Last week I blogged about what I think makes a good farrier so I decided to turn the tables and look at how you can be your farrier’s favourite client.
- Firstly, be on time or at least have your horse ready and waiting in his stable.
- Make sure their legs are as clean as possible. If the farrier is coming on a winters morning then take the time to put your horse to bed the night before with clean legs. It’s really difficult at this time of year to provide dry legs, but clean wet legs are preferable to wet muddy ones so at least try to hose the legs off as much as possible.
- Have a dry area to work in, preferably under cover, but at least fairly sheltered. Some yards have a wash area, which also doubles as a clipping and shoeing area.
- Turn the lights on! If you know lighting at your yard is poor, then don’t book the farrier for early morning or late afternoon- especially in winter.

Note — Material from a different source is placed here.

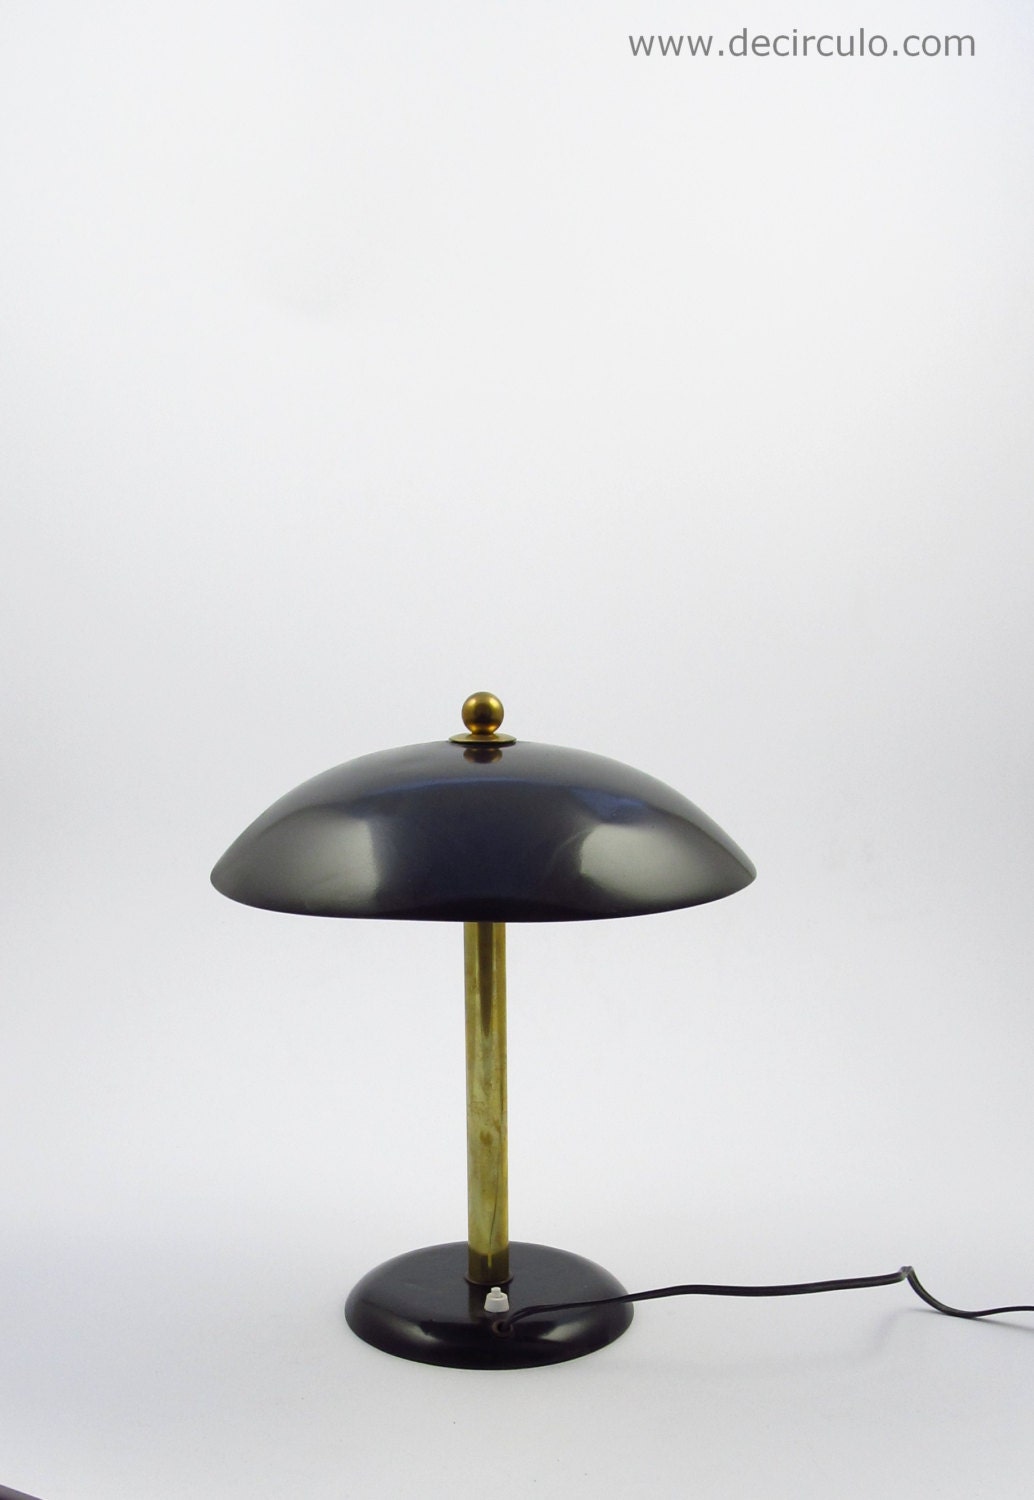 Art deco table lamp, heavy black metal desklamp from the artdeco era
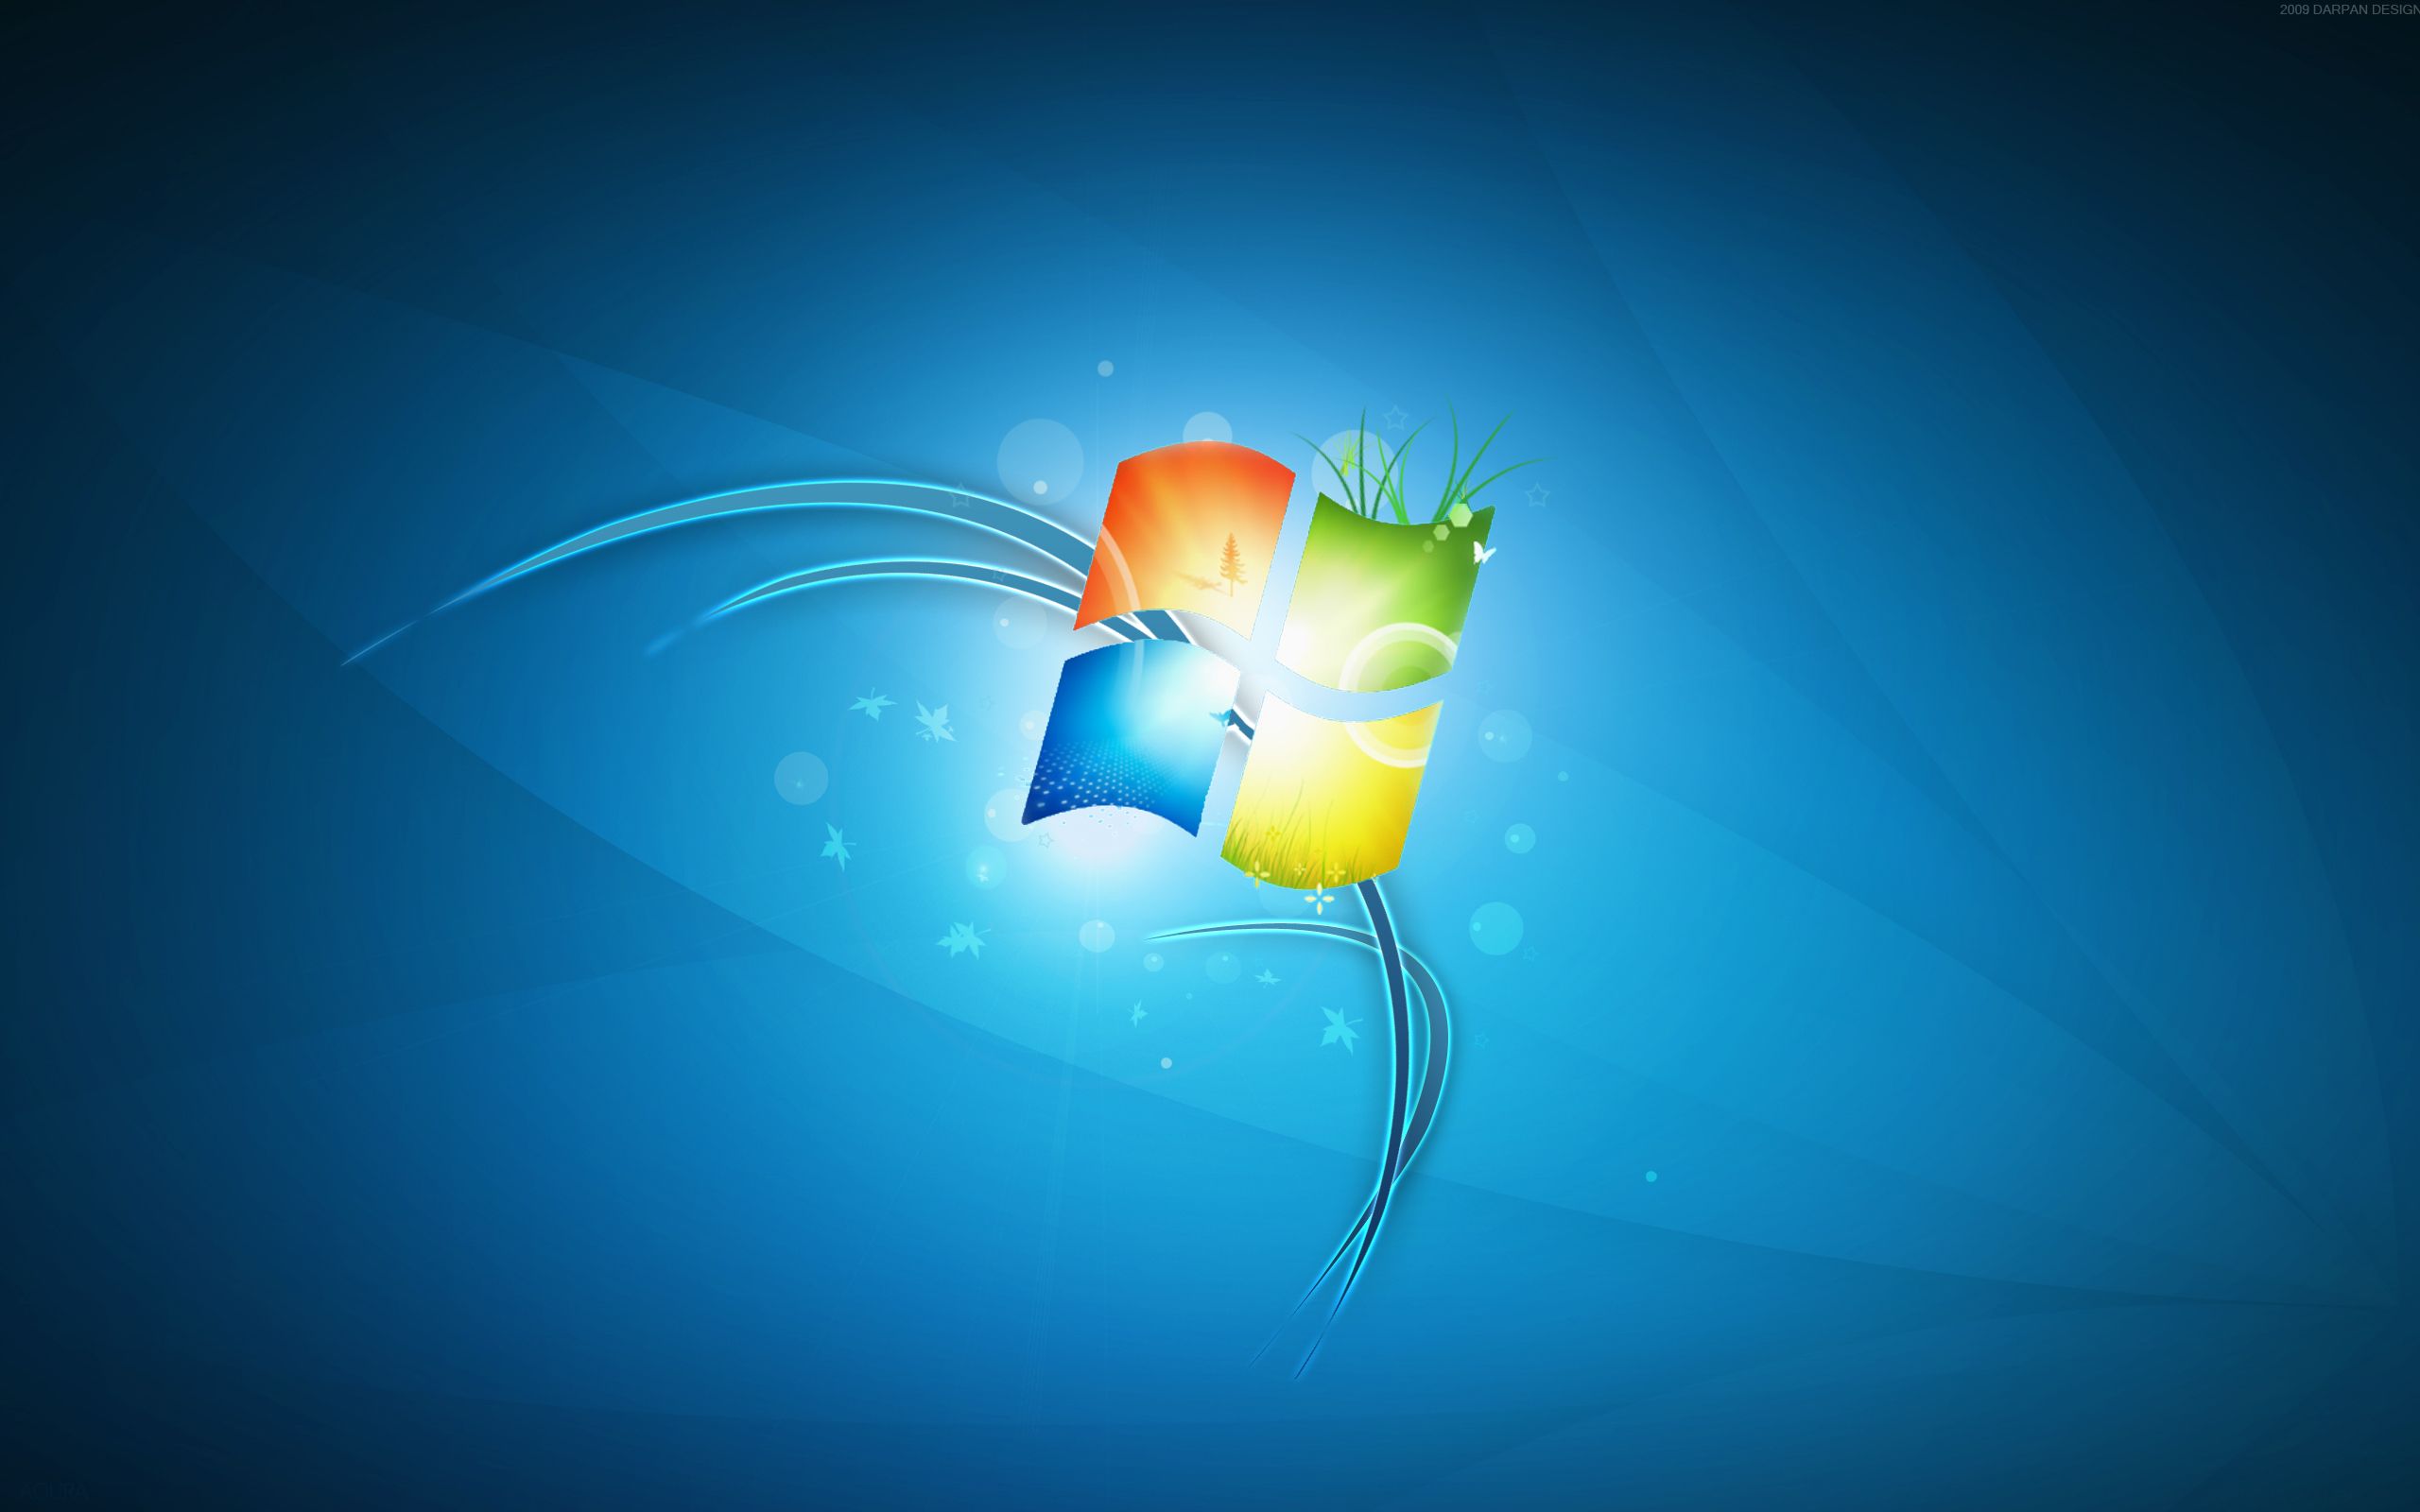 Microsoft Windows 7 Wallpaper Get Latest Backgrounds

Some farriers bring their own headtorch, but a large torch may be welcome if you think it will be a bit dim.
- Make sure the area is fairly clean. Pick up any droppings your horse has done in anticipation of his pedicure, and give a quick sweep so that your farrier can spot any dropped nails easily. And of course tidy up after him!
- Pay promptly; either have the cash or cheque to hand, or transfer the money to your farrier on the day.
- Book your next appointment in plenty of time, and try to remember it. Although I think my farrier would rather get a text asking for confirmation rather than him turning up and the horse not being there.
- Refreshments. This probably applies more to big yards, or when the farrier is doing multiple horses at the same yard, but they always appreciate a cup of tea or coffee. I have to admit, I’m not very good at remembering to offer drinks. It’s nothing personal, but with the fluid intake habits of a camel and currently having a baby sat on my bladder, I don’t tend to indulge myself in hot drinks let alone remember to offer to make a round! The yard I grew up on goes one step further for their farriers. Although, they have a bit of a cake culture in general; but every week when the farrier comes for the morning they serve cake with tea. No wonder all the apprentices want to go to that yard!
- If your horse loses a shoe on Saturday afternoon then holding off texting your farrier until Monday morning (unless of course the horse is crippled lame) will put you into their good books, and I suspect you’re more likely to have the shoe replaced sooner.
- A farrier will appreciate it if you can find said shoe, which makes their job easier and keeps costs down for you!
- Listen and respect what your farrier is telling you, whether it’s using overreach boots to prevent pulled shoes, or sticking to a strict five week shoeing cycle rather than allow it to drift between six and seven weeks. If they give you homework of applying hoof hardener, or treating the first signs of thrush. Or if they advise you that your horse needs to lose a bit of weight because of the laminitis risk, then act upon it!
- Rugs. I always think it’s easier for a farrier to work without a rug hindering them, which is fine in summer, but in winter they may just have to accommodate a rug. However, I like to think I’d earn bonus points by making sure the rug was dry and as clean as possible so that my farrier didn’t leave with mud streaks along his back or water dripping down his neck.
- Talk to your farrier, but not to the point of distraction. I’m sure we all know someone, or we ourselves, can talk both hindlegs off a donkey. Well this doesn’t help the farrier concentrate on his job, so after greetings and niceties make sure you give him space to focus and work.
- Farriers are pretty self sufficient in terms of providing their own equipment, but getting them a bucket of water or making sure there’s no obstacles preventing them using the nearest electric socket (unplug your mobile phone!) and their extension before they arrive means that they can set up quicker and generally be a lot safer.
I think that pretty much covers all the ways that you can prepare and take care of your farrier so that he feels appreciated. After all, if you look after him, he’ll find it easier to look after your horse’s feet.